Source: x264 r1080 GIT (git://git.videolan.org/x264.git)

Applied patches (current versions):


x264_hrd_pulldown.09_interlace.diff

x264_win_zone_parse_fix_05.diff


Please check http://forum.doom9.org/showthread.php?t=130364 and http://git.videolan.org/gitweb.cgi?p=x264.git;a=shortlog for more info

Compiled by techouse on January 15th 2009, 12:44:54 CET with GCC-4.3.2 on Windows Vista Business SP-1 64-bit.

Commandline used: ./configure --extra-cflags="-march=core2" && make fprofiled

Platform: X86
System: MINGW
asm: yes
avis input: yes
mp4 output: yes
pthread: yes
debug: no
gprof: no
PIC: no
shared: no
visualize: no

roozhou
15th January 2009, 14:40
Not as if it matters, as this code is only run 16384 times for each QP at most. If anybody cared, I would have made a LUT.
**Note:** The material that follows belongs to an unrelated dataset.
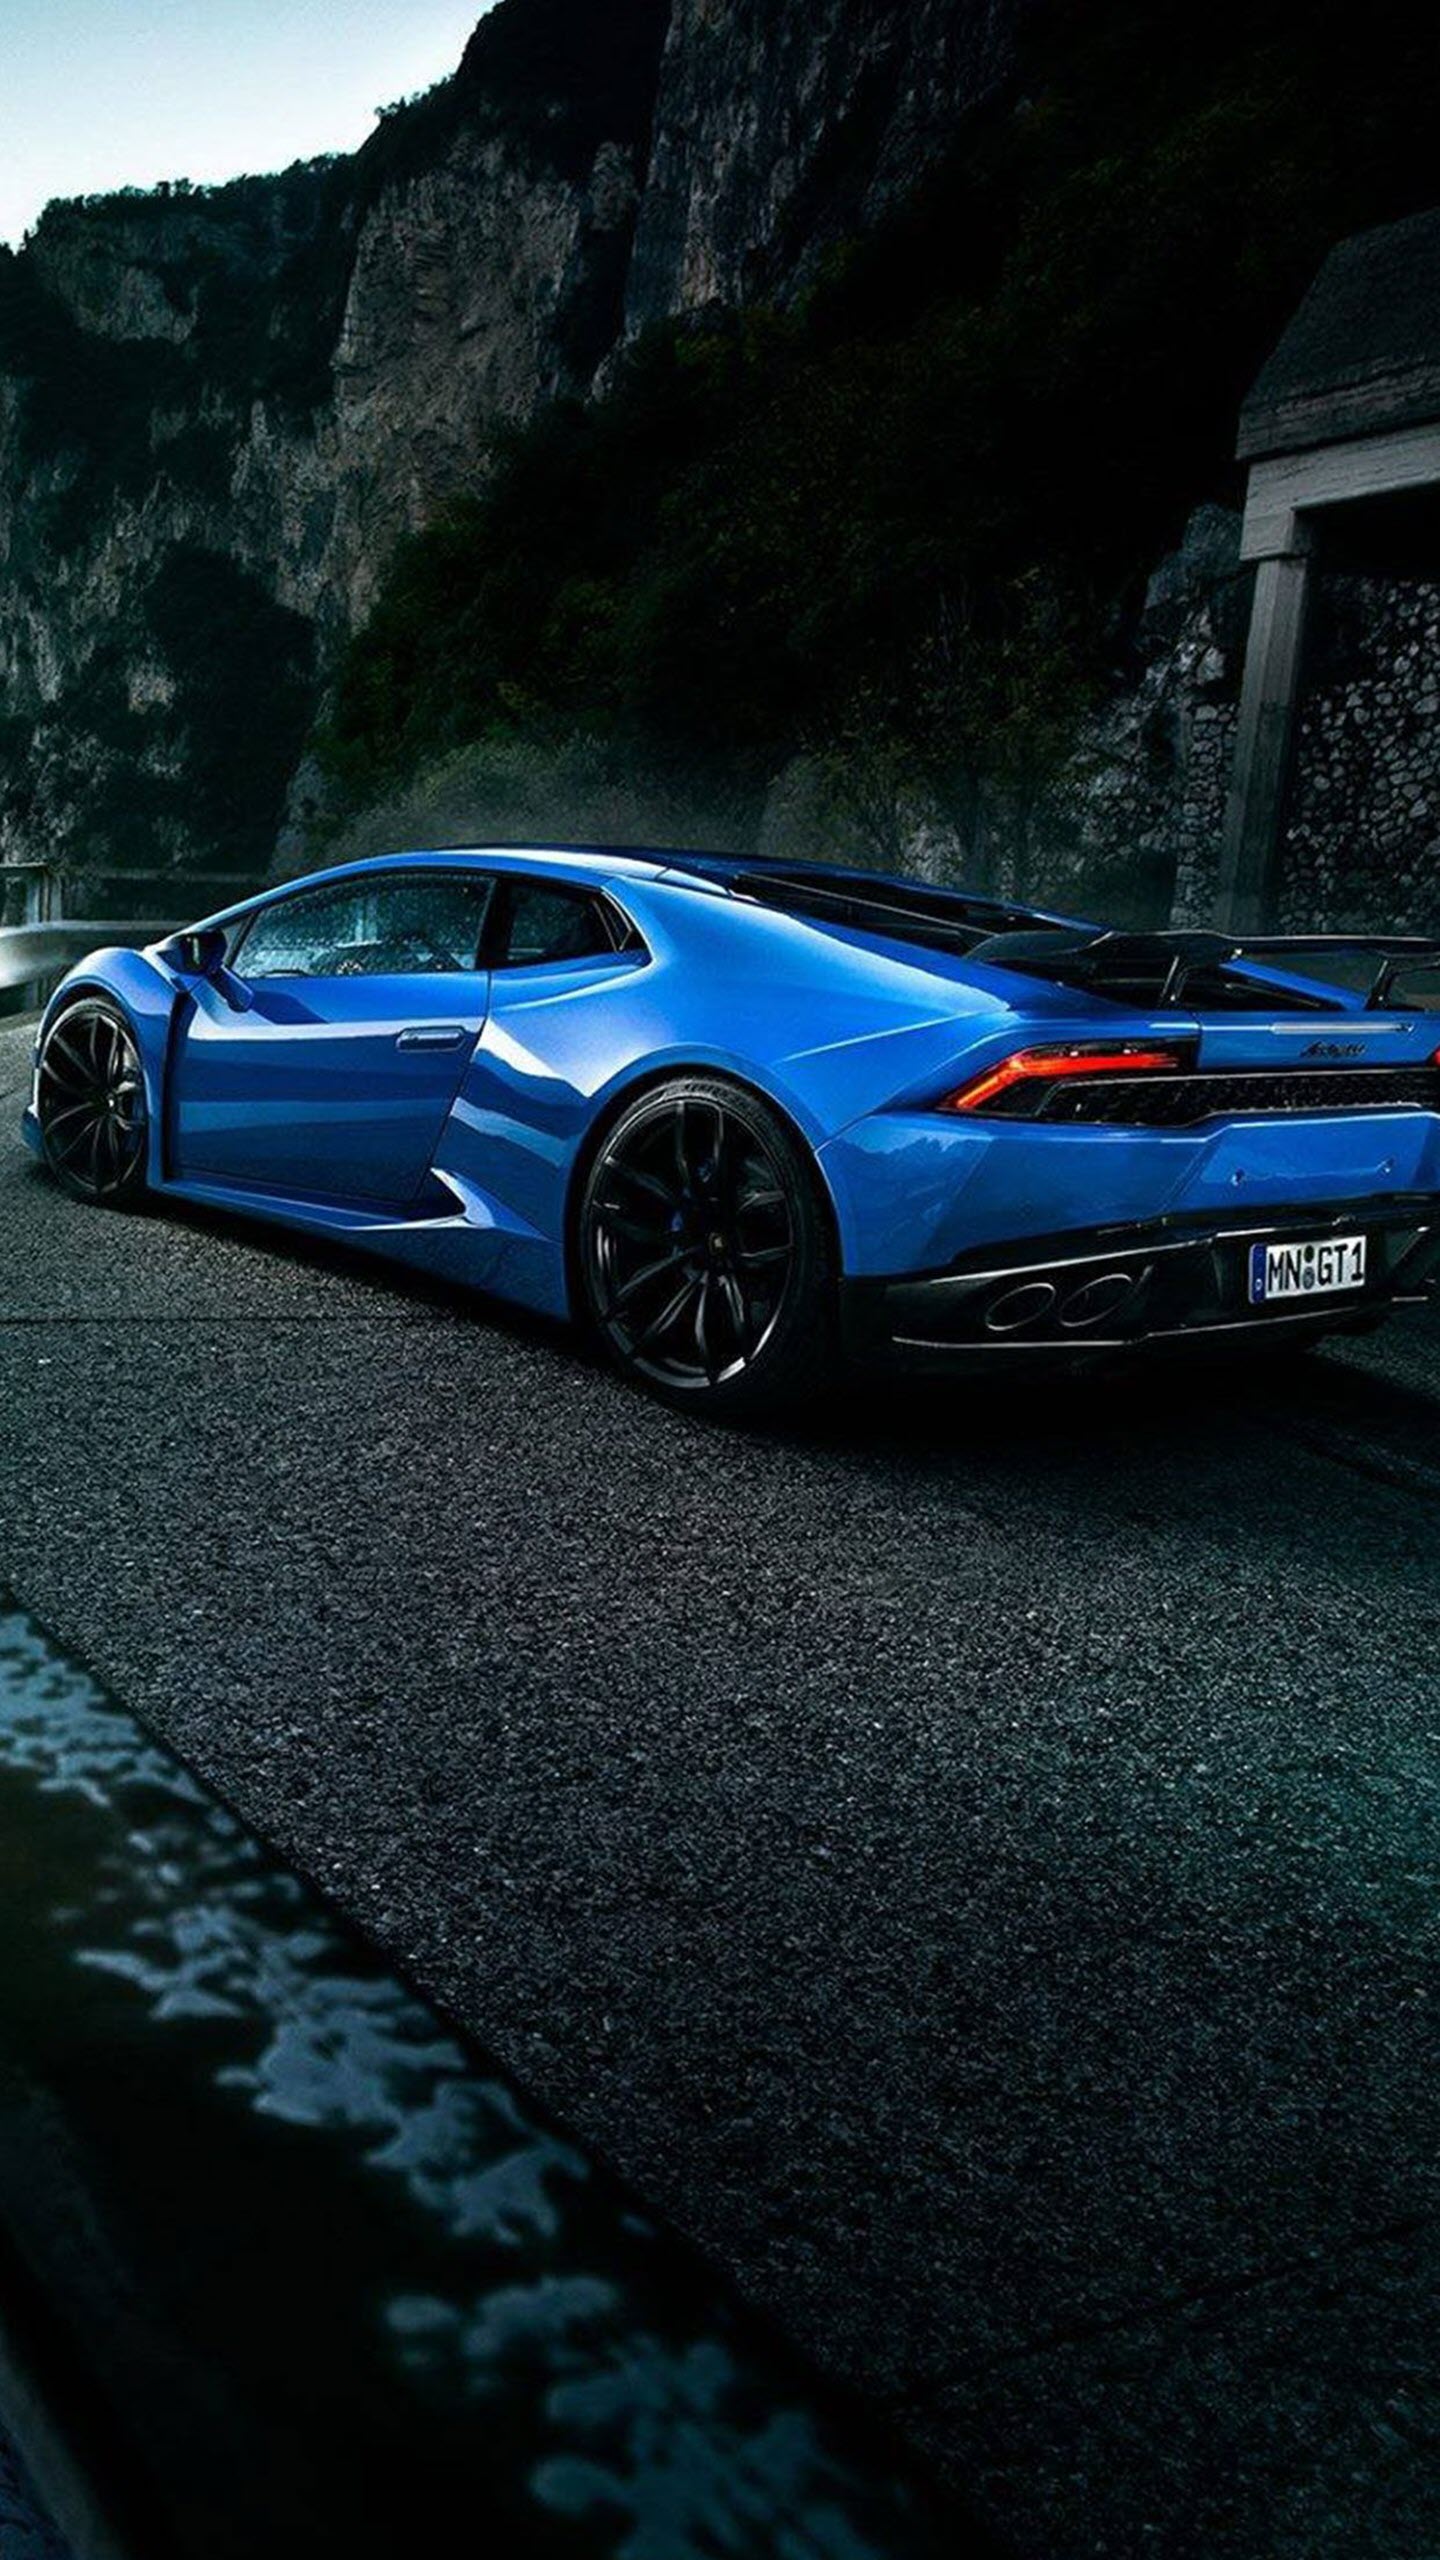 Lamborghini - ánh sáng mới của thế giới siêu xe và sự kết hợp tuyệt với giữa sự mạnh mẽ và sự đẳng cấp. Hãy dành một phút để chiêm ngưỡng những chiếc Lamborghini tỏa sáng và cảm nhận sự độc đáo và mê hoặc từ những kiểu dáng, chi tiết và công nghệ đẳng cấp.
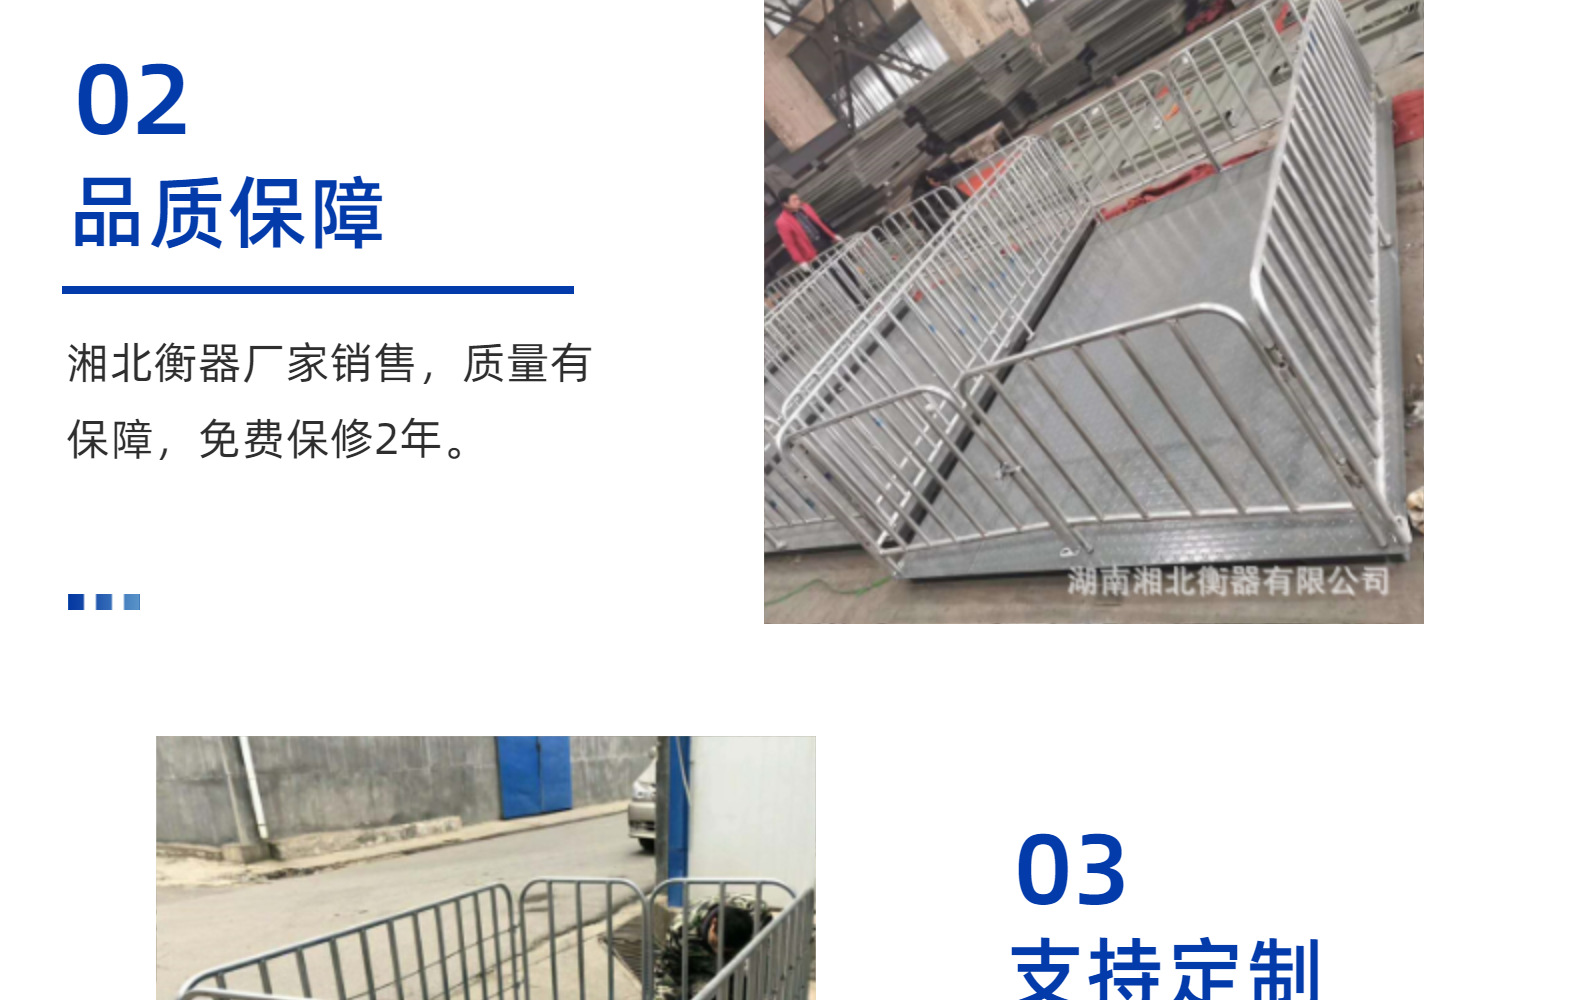 廊坊秤猪地磅笼 1-3吨上海耀华地磅 1.2x1.5米两吨猪笼秤

Will you define them as constants(64k larger executable) or calcultate them at run-time?

Dark Shikari
15th January 2009, 15:55
Will you define them as constants(64k larger executable) or calcultate them at run-time?Runtime, of course. No point in wasting executable size calculating a huge table.

skystrife
24th January 2009, 03:31
x264.1088M.exe (http://www.mediafire.com/?zoiryjtrikf) - Alternate Download (http://skystrife.com/x264/x264.1088M.exe)

Patches used:

x264_hrd_pulldown.09_interlace.diff
x264_win_zone_parse_fix_05.diff (http://skystrife.com/x264/x264_win_zone_parse_fix_05.diff)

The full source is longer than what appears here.